Nice site. Simple and good.

And LOL @ rules 

Does the site support php ? I may be able to help in that case.


----------



## Abhishek Dwivedi (Oct 12, 2007)

well yes..this supports PHP....i even have a few PHP scripts like password protect n bla bla bla....but dont know how to use dem....ur help will b thankfull...

And ya thx for da sweet comment....


----------



## din (Oct 12, 2007)

Ok, there are some very simple scripts in php - for user count and to capture IP. I will send em.


----------



## ravi_9793 (Oct 12, 2007)

try *www.statcounter.com/

Free to use.....you will get a code.Use that code in ur website.After that log to *www.statcounter.com/ and see the statistics of ur website.


----------



## Abhishek Dwivedi (Oct 12, 2007)

thx....ne idea about da contact me page???


----------



## ravi_9793 (Oct 13, 2007)

Abhishek Dwivedi said:
			
		

> thx....ne idea about da contact me page???


is SMTP enabled in your hosting???
And what scripts are allowed..like PHP ??


----------



## victor_rambo (Oct 13, 2007)

EDIT: I am using www.statcounter.com now and will recommend it to you too!

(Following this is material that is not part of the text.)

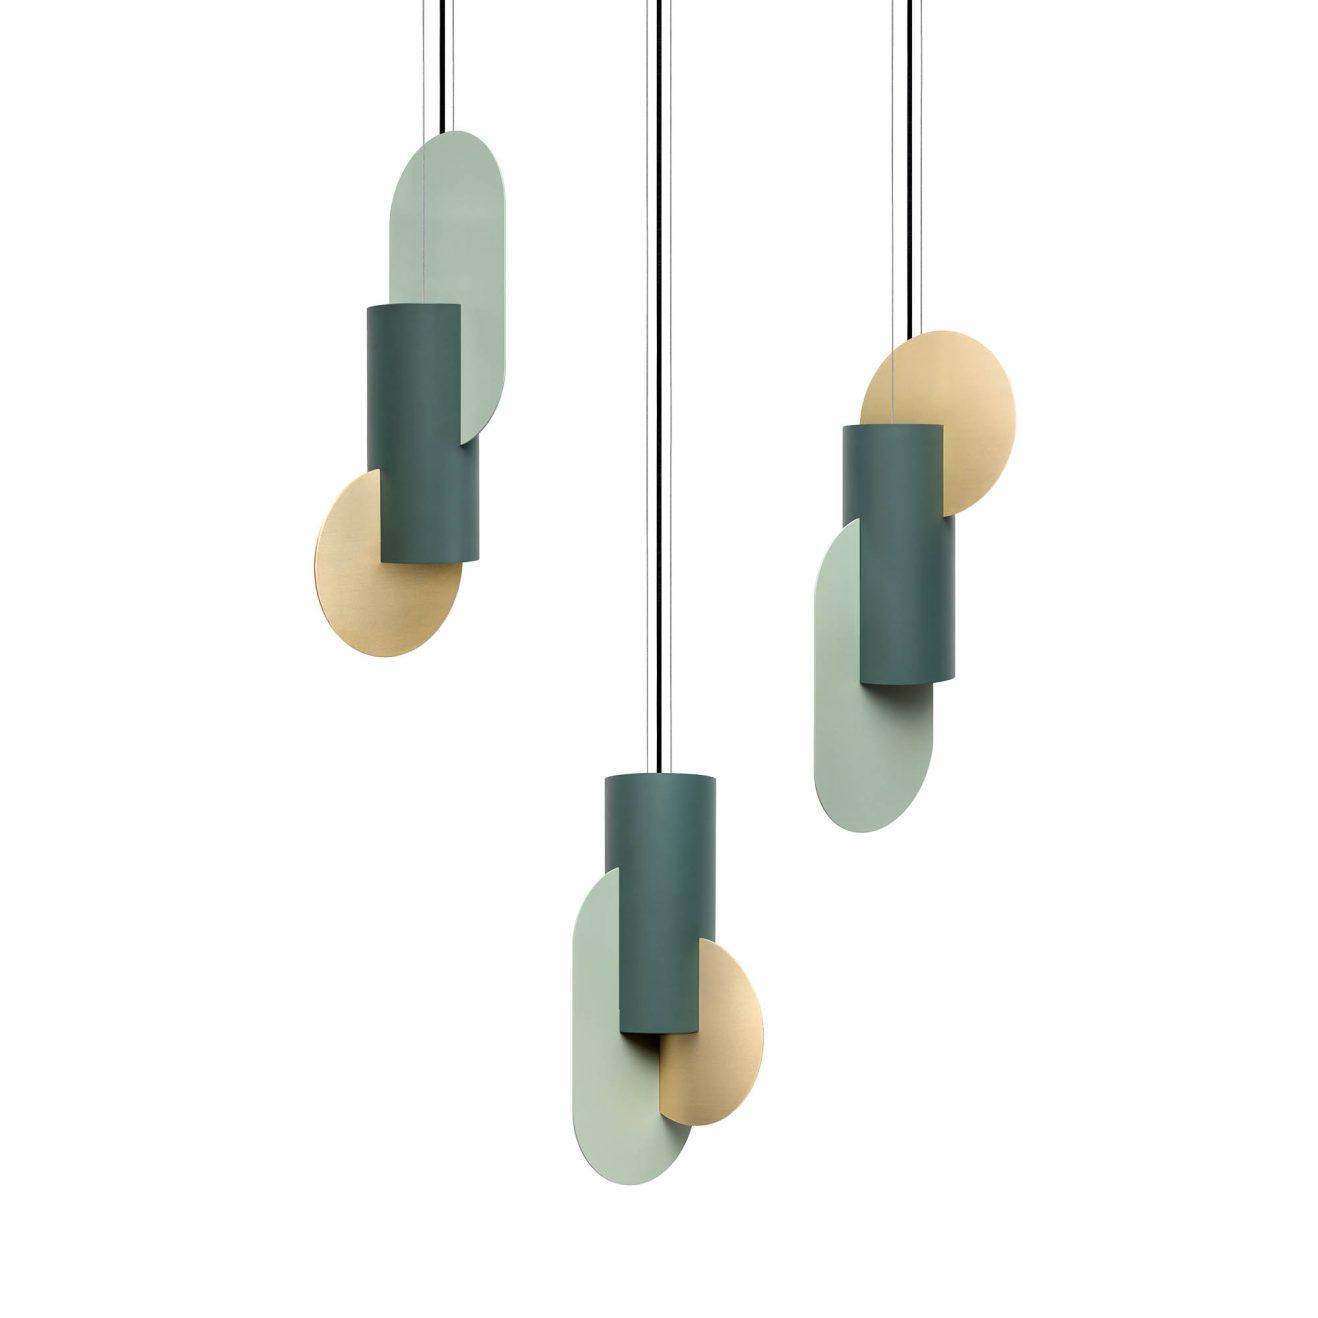 Noom-Suprematic-Lamp-CS5-5

( I had previously suggested counter.unexplainable.net )


----------



## Abhishek Dwivedi (Oct 13, 2007)

well yes...PHP is enabled on ma website....but no idea how to use PHP with html....i have a lot of php script but dont know how 2 use it...lol


----------



## jal_desai (Oct 13, 2007)

just a little change is required.... The header is "THE abhishek" where the article "THE" needs to be chopped off... and in the 2nd rule of the "Rules" section..u need to modify the spelling of "there" to "their"...i'm sure u meant "their" and not "there".... BAAKI SAB BAHUT ACHCHA HAI... just add some more eyecandy and improve the aesthetics..


----------



## ravi_9793 (Oct 13, 2007)

Abhishek Dwivedi said:
			
		

> well yes...PHP is enabled on ma website....but no idea how to use PHP with html....i have a lot of php script but dont know how 2 use it...lol


your website is hosted here:
*125mb.com/

do you have free or paid hosting here???


----------



## anand1 (Oct 13, 2007)

I have seen your site link in an other forum. i think so.
Anyways the site theme totally sucks. A bit improvement is needed.

Register your site with Google Analytics and your work is done. Every thing from visitors tracking to the IP all is done here go and register.

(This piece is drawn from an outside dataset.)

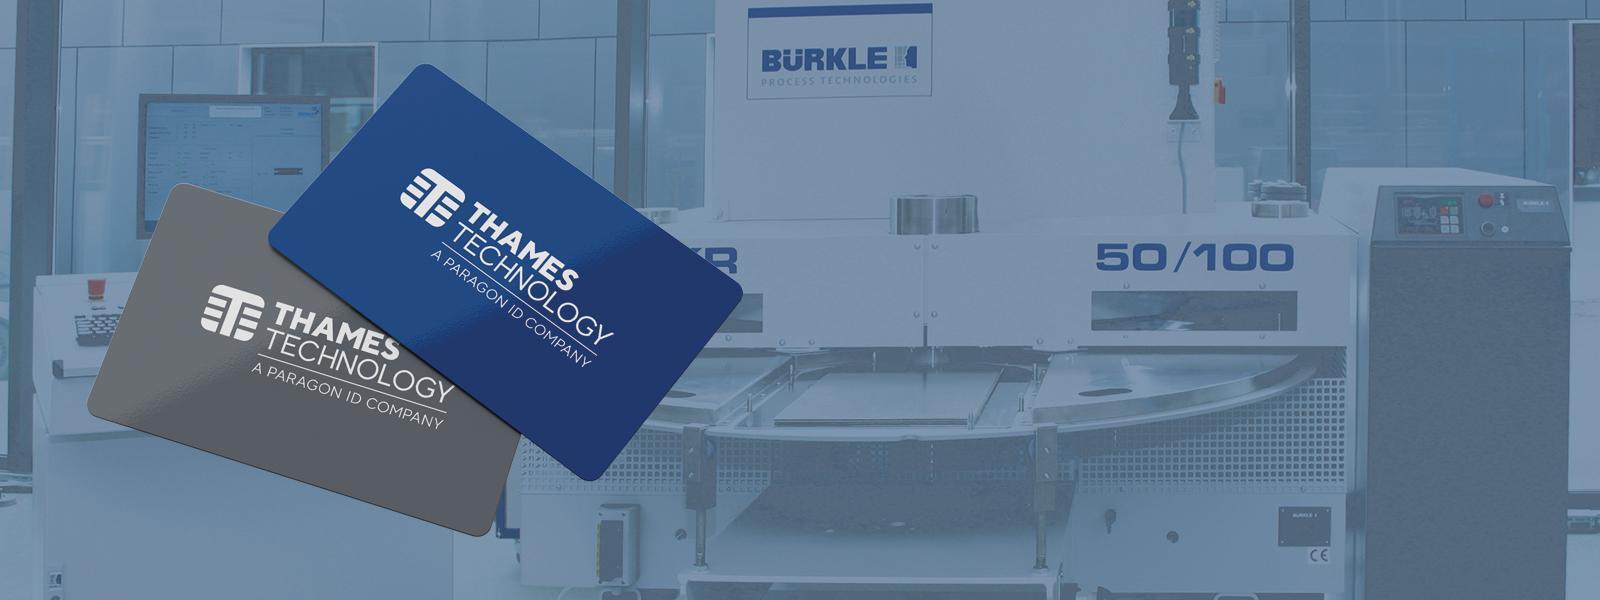 Buerkle laminator increasing production capacity at Thames Technology

*www.google.com/analytics/


----------



## Abhishek Dwivedi (Oct 15, 2007)

@ jai_desai: i'll update ma website...thx for da correction help....now for header...well i want it 2 b THE Abhishek...lol...its a frnds request....

@ravi_9793: its hosted on a free acc. cause i was given a kind of a [FONT=&quot]Challenge [/FONT] 2 make a completely free website...and ya..well this acc does not has PHP enabled...so can i upload da PHP script on another server and link it to ma website??

@anand1:u must have seen da link in a blog...and i and ma frnds like da theme, so am not gona change it...LET IT SUCK....i keep on changing da complete theme in every 4 mnths...lol...and thx for da link...

but i want 2 keep a counter kinda sumthing which tell da user dere IP address...in simple it shud flash da IP address on da users screen....


----------